Манхэттен портила — так, во всяком случае, считал Вулли — Манхэттен портила его отвратительная неизменность. Все эти гранитные башни и бесконечные дороги, уходящие вдаль, насколько хватает глаз. Каким образом миллионы людей, изо дня в день стуча каблуками по тротуарам и мраморным полам вестибюлей, не смогли оставить на них ни единой вмятины? Хуже того, Манхэттен был до краев заполнен надеждами. Надежд было так много, что пришлось строить здания по восемьдесят этажей, чтобы, сложив одну на другую, вместить их все.
Но Дачес хотел увидеться с отцом, поэтому они поехали по шоссе Линкольна до тоннеля Линкольна, проехали по тоннелю Линкольна под Гудзоном и оказались здесь.
Если и проводить время в Манхэттене, думал Вулли, прислоняя подушку к стене, то только так.
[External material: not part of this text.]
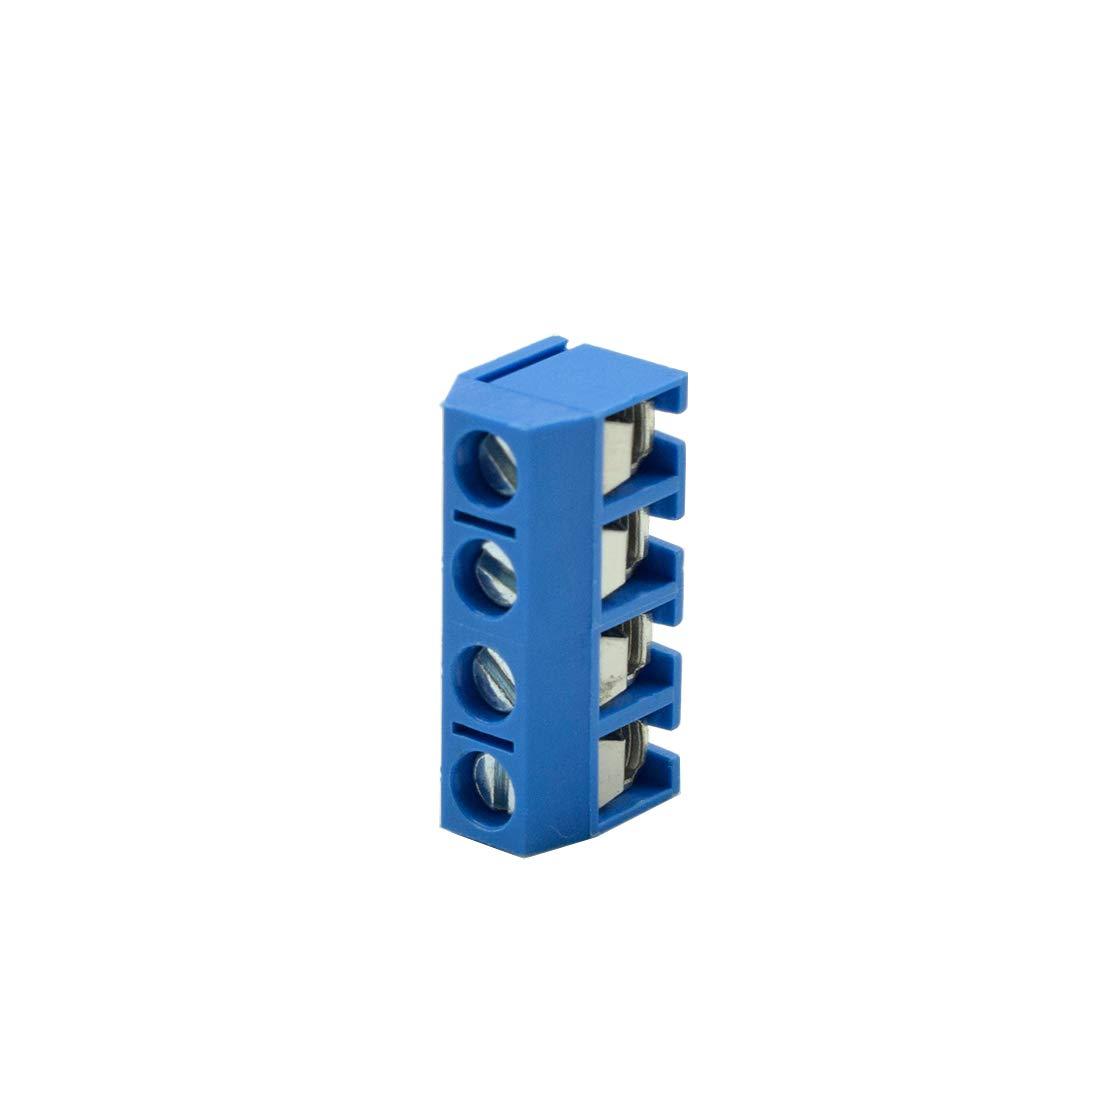 TUOREN 4Pin 5.08mm PCB Mount Screw Terminal Block Connector,Blue 300V 16A 10pcs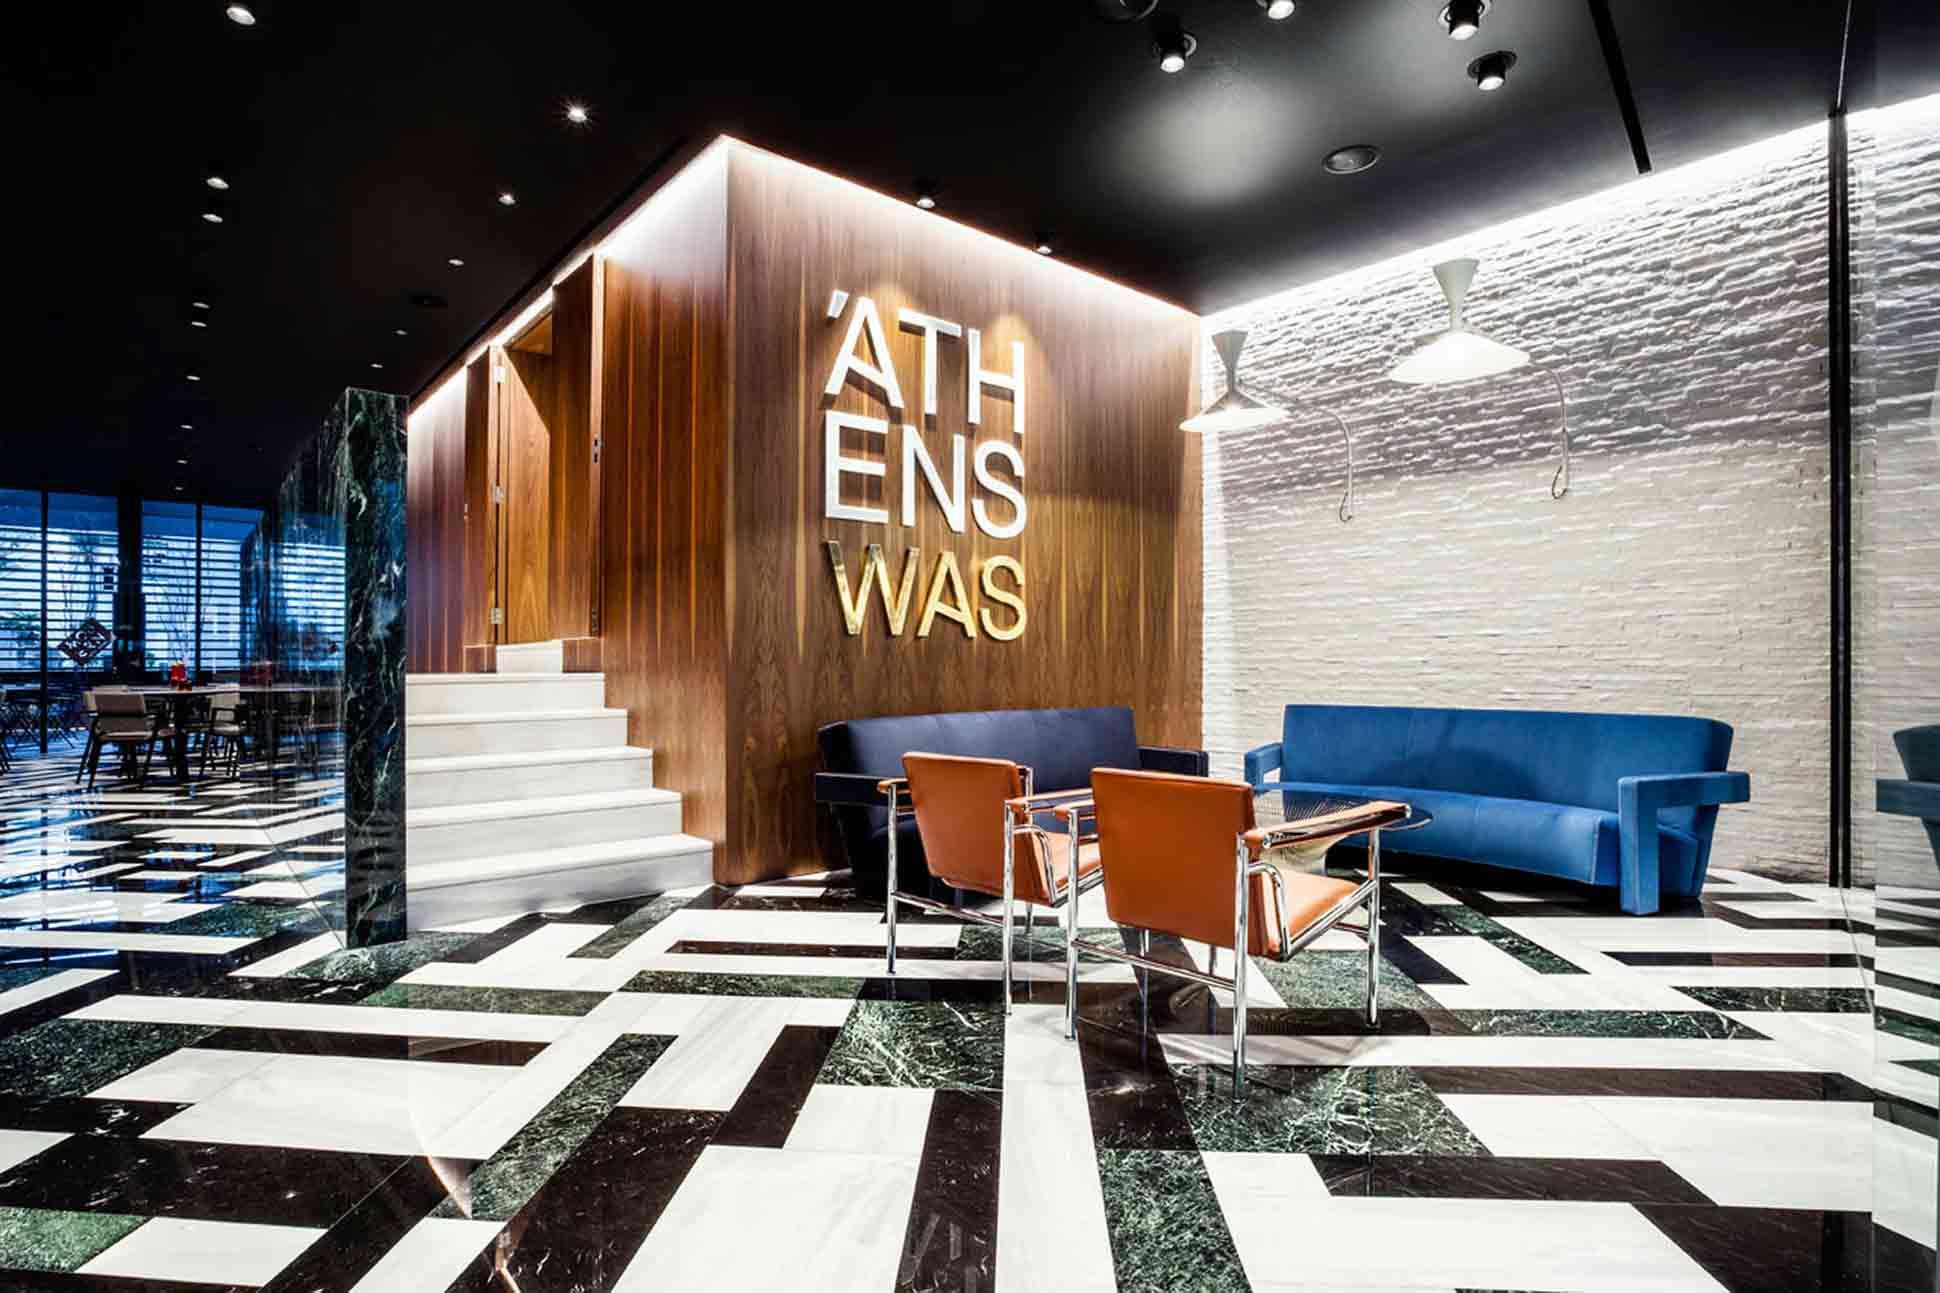 AthensWas, Design Hotel, Athens, Greece

Потому что, как только они выехали из тоннеля Линкольна, Дачес не свернул влево и не поехал прямиком к элитным районам. Вместо этого он свернул направо и поехал на Бауэри — улицу, на которой Вулли никогда не был, — чтобы встретиться с отцом в маленьком отеле, о котором Вулли никогда не слышал. Потом, пока Вулли сидел в холле и следил за всем тем, что происходит на улице, он вдруг увидел мальчишку с кипой газет — мальчишку в мешковатой куртке и шляпе с обвисшими полями.
— Птичник! — воскликнул Вулли. — Вот это совпадение!
Вскочив, он забарабанил по стеклу. Мальчишка обернулся, и оказалось, что он все-таки не Птичник. Но, привлеченный стуком, он зашел внутрь и вместе со своей кипой газет направился прямиком к Вулли.
У Дачеса, по его выражению, была аллергия на книги; Вулли страдал от схожего недуга. У него была аллергия на ежедневные газеты. В Нью-Йорке постоянно что-то происходило. И предполагалось, что вы не только в курсе дел, но и составили обо всем собственное мнение и можете высказать его в любую минуту. Происходило так много всего и настолько стремительно, что все это и близко не влезало в единственную газету. В Нью-Йорке была, конечно, официальная и надежная «Таймс», но кроме нее были «Пост», «Дэйли-ньюс», «Хералд-трибьюн», «Американ-джорнал», «Уорлд-телеграм» и «Миррор». И это только те, что с ходу пришли Вулли на ум.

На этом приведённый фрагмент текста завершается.